Genetic programming for objective / fitness function determination - genetic-algorithm

I hope this question is appropriate. I'm looking for a solution to an genetic program implementation I have in my mind, but I'm still new to AI and have no clue where / how to solve the problem in mind.
So I recently started experimenting with genetic algorithms (finding the optimal solutions), and afterwards now started looking at genetic programming (finding the optimal program for solutions)... The mutation, crossover etc. on decision trees are relatively straight forward to me, but am still struggling to wrap my head around the implementation of problems.
If a genetic program can find the math function for a set of correlating inputs values to outputs, then by looking at the optimization problem (let's say bin packing problem), how can you use a genetic program to determine the most optimal objective / fitness function for the problem?
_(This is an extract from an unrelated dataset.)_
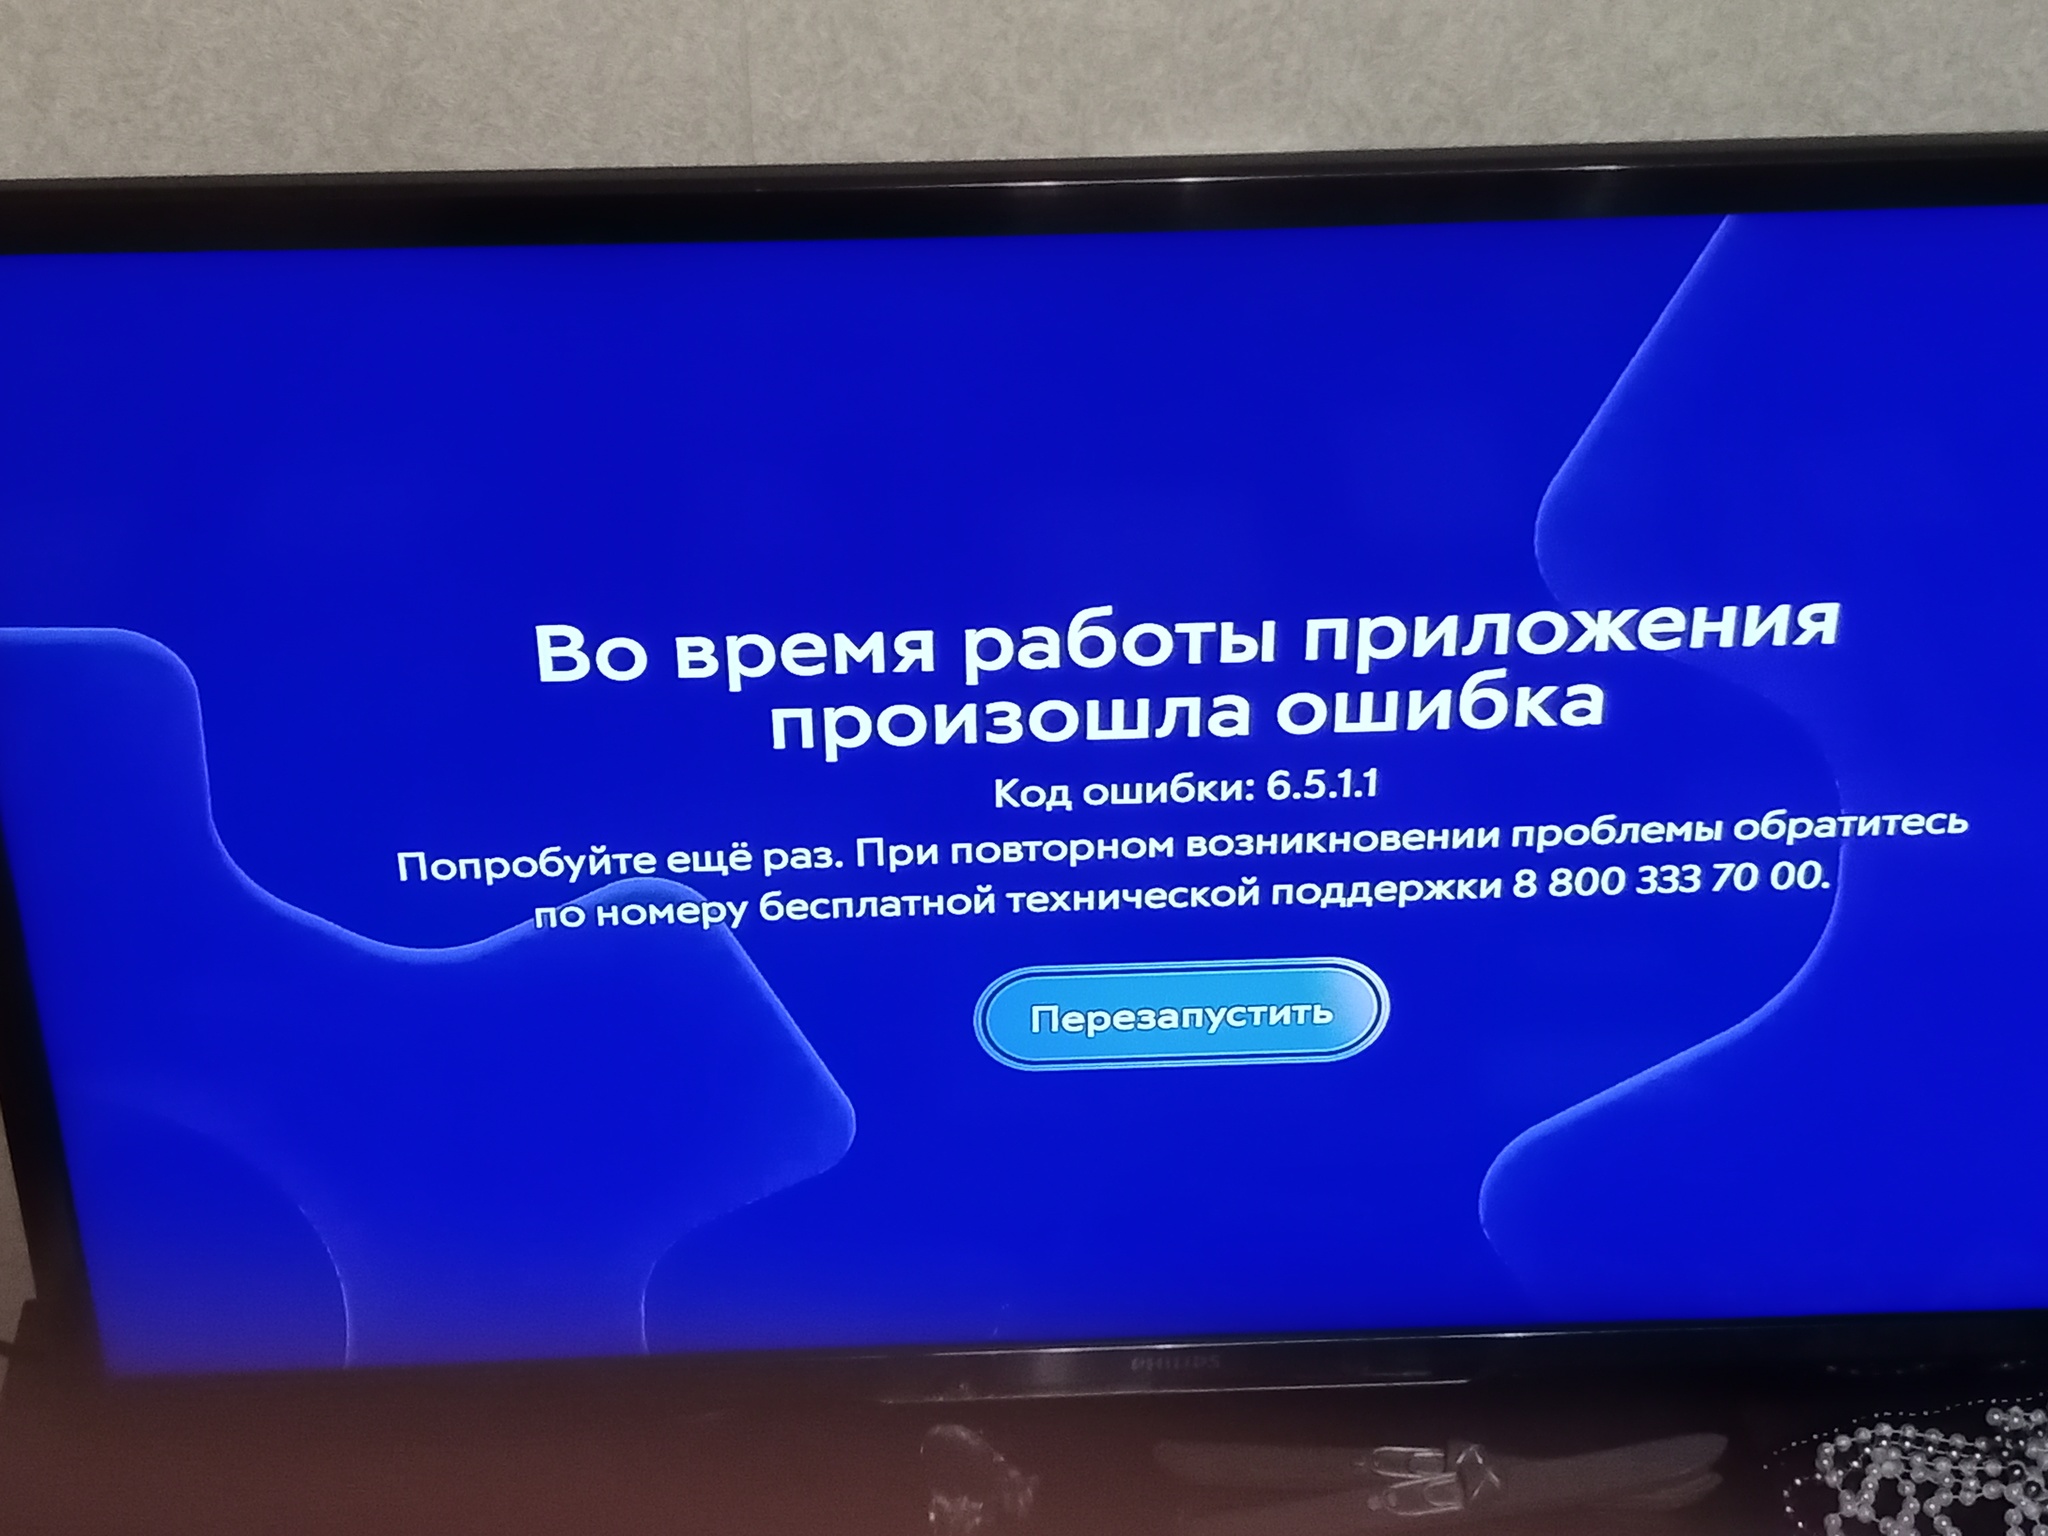 Приставка movix от Дом.ru или геморрой за 6000 рублей! | Пикабу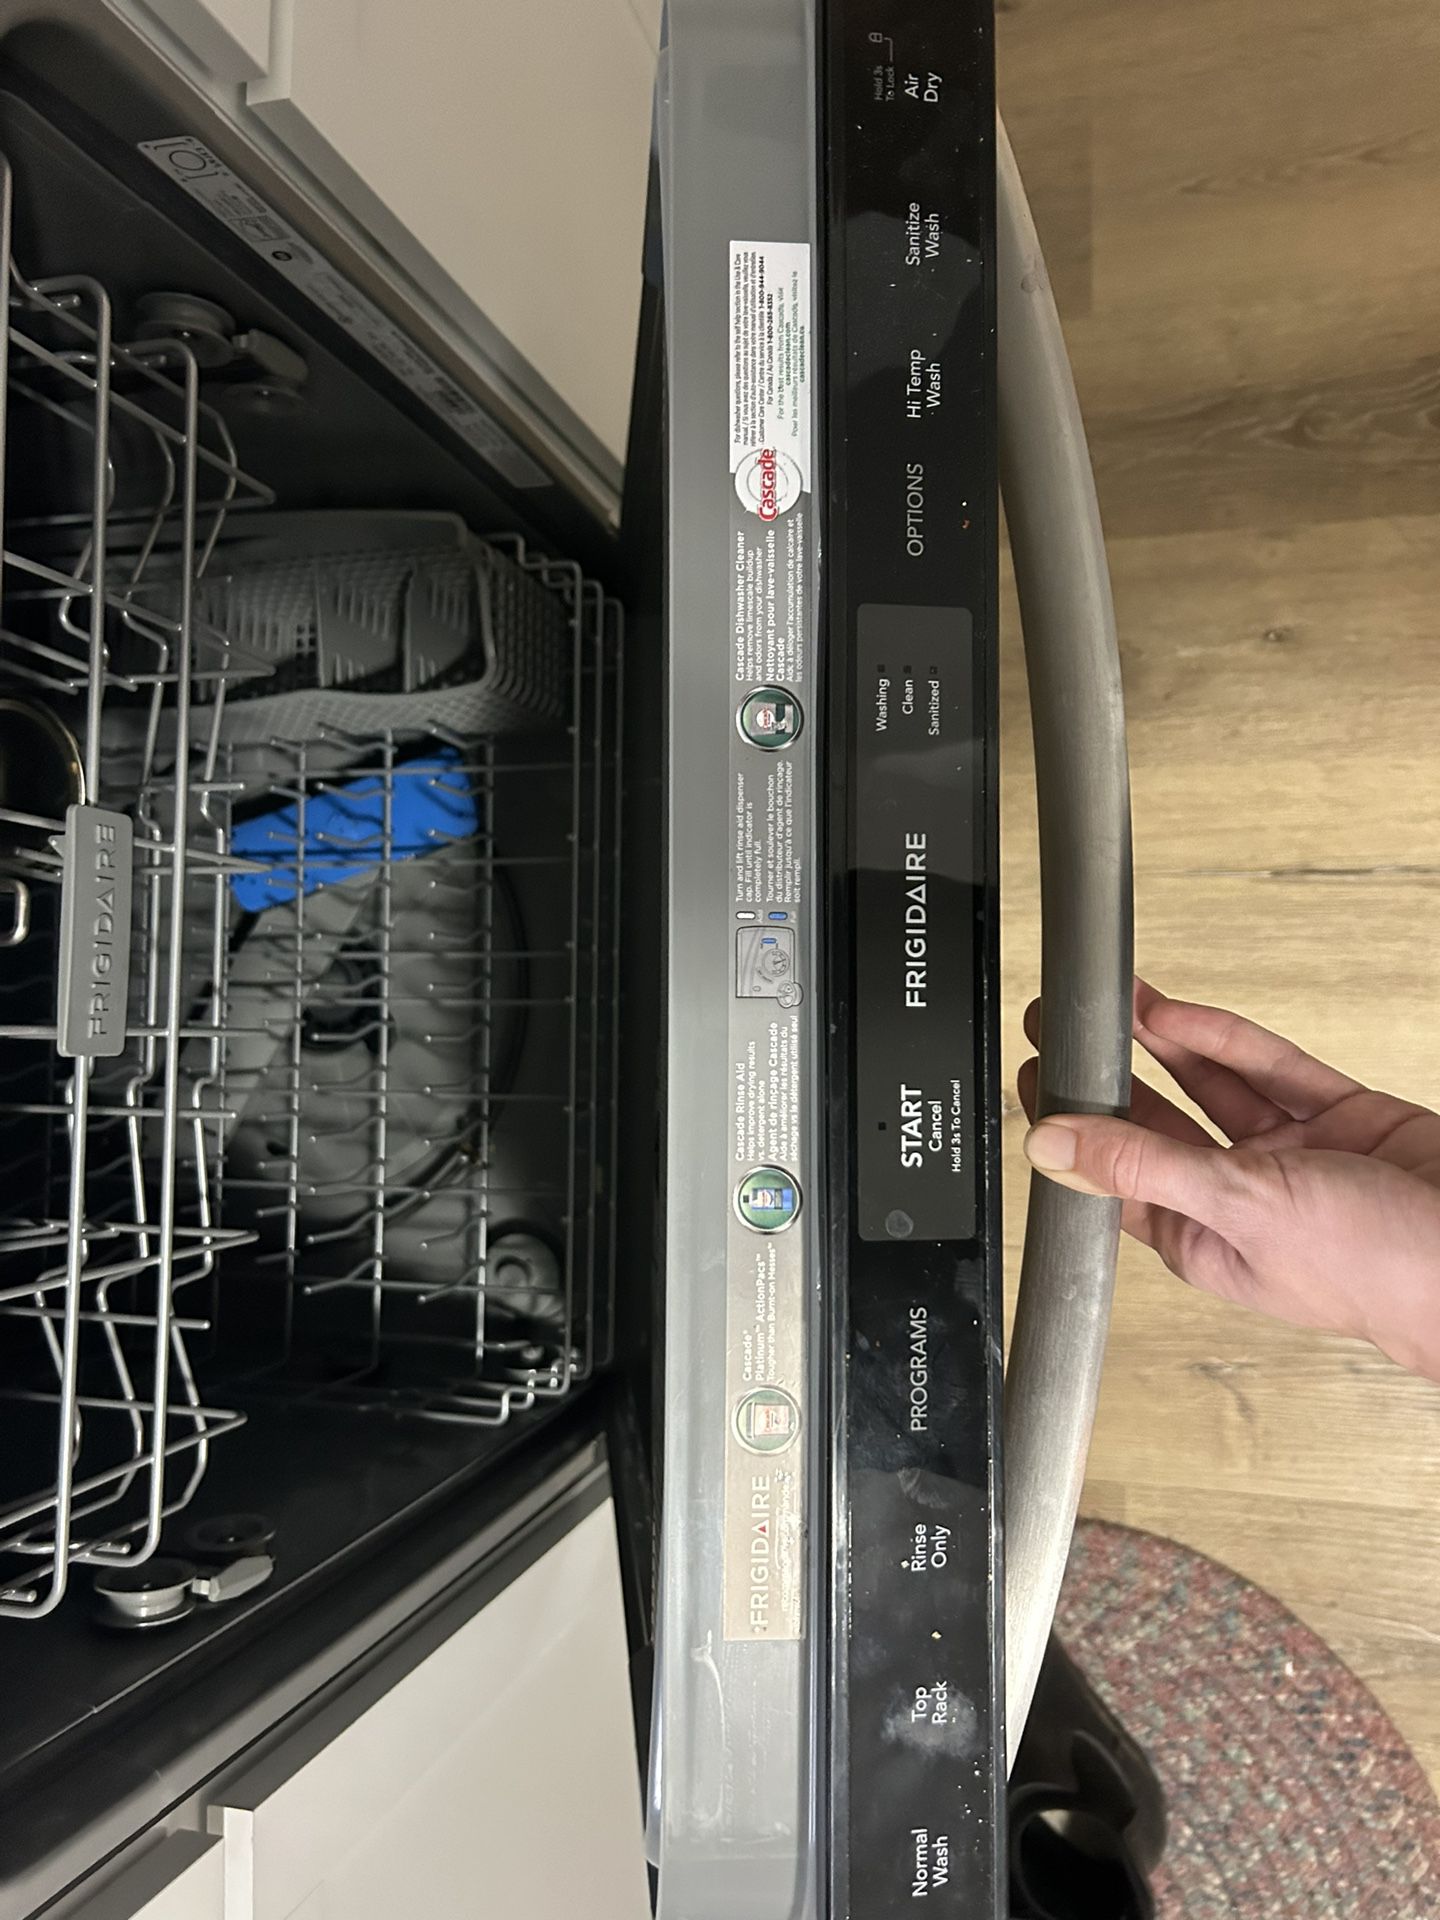 Frigidaire Dishwasher

Because then you "should be" able to use that generated fitness function (from the GP) for implementation on the GA to find the optimal solution to the problem? - in such a manner that your GA will perform more robustly
If I understand this correctly, how will the GP process be feasible? Is it some general used technique, is the approach related to fitness landscape evaluation for optimization problems... or? Any help will be greatly appreciated. I know there's a solution, just don't know where / how to search for it, or what it's referred to...
Thank you in advance.

... [I] am still struggling to wrap my head around the implementation of problems.
... how can you use a genetic program to determine the most optimal objective / fitness function for the problem?
In evolutionary algorithms (GA, GP in particular) a problem is basically defined by a fitness function. In such a context it does not make sense to talk about an automated way of finding the fitness function, because it translates to finding a problem, what doesn't seem to make any sense to me.
If your idea lays in a different plane and you think it still makes sense, please try to clarify it more clearly.

For the purpose of answering werediver's comments, and providing more context to the specified problem (which can't be summed up in a comment), I can sort of answer my own question although still seeing the implementation extremely complex for the "average skill level" in evolutionary programming.
Nevertheless, if someone else finds this useful, after reading a whole bunch of journals, it points my thoughts to fitness landscape analysis (landscapes, Surveying landscape correlation ) as an optimization problem.
I interpret it as implementing a number of fitness landscape techniques, such as Entropy, auto correlation, correlation length, fitness clouds, evolvability etc. (1, 2, 3, 4), where one "should" be able to calculate a number of landscape coefficients and incorporate / utilize them as the fitness function for your GP. The GP therefor basically generates a fitness function for your optimization problem (by means such as symbolic regression) and optimizes it based on the assessed fitness landscape analysis, so to change the objective function.
Because as all literature states, the quality of your fitness function changes your search landscape, and correspondingly influences the performance of optimization algorithms such as GAs and PSOs (quantifying fitness landscapes by means of "ruggedness", "deception" etc.).
Another image which I found quite useful (putting things in perspective), illustrated three defined methodologies for optimization objective functions via fitness landscape analysis as ref:
From the programming side, the two most popular software libraries which I could find (until thus far), however the implementation complexity of either still unknown is:
Paradiseo metaheuristics, with fitness landscape ref doc (C++)
HeuristicLab, automatic fitness analysis ref doc (C# / C++)
So if anyone else has some valid info or experience to offer, it'll be very interesting to hear your perspective, but from what I read, this is not at all a "easy or transparent" approach.

Related

How do I implement the Gaussian mutation method in my genetic algorithm?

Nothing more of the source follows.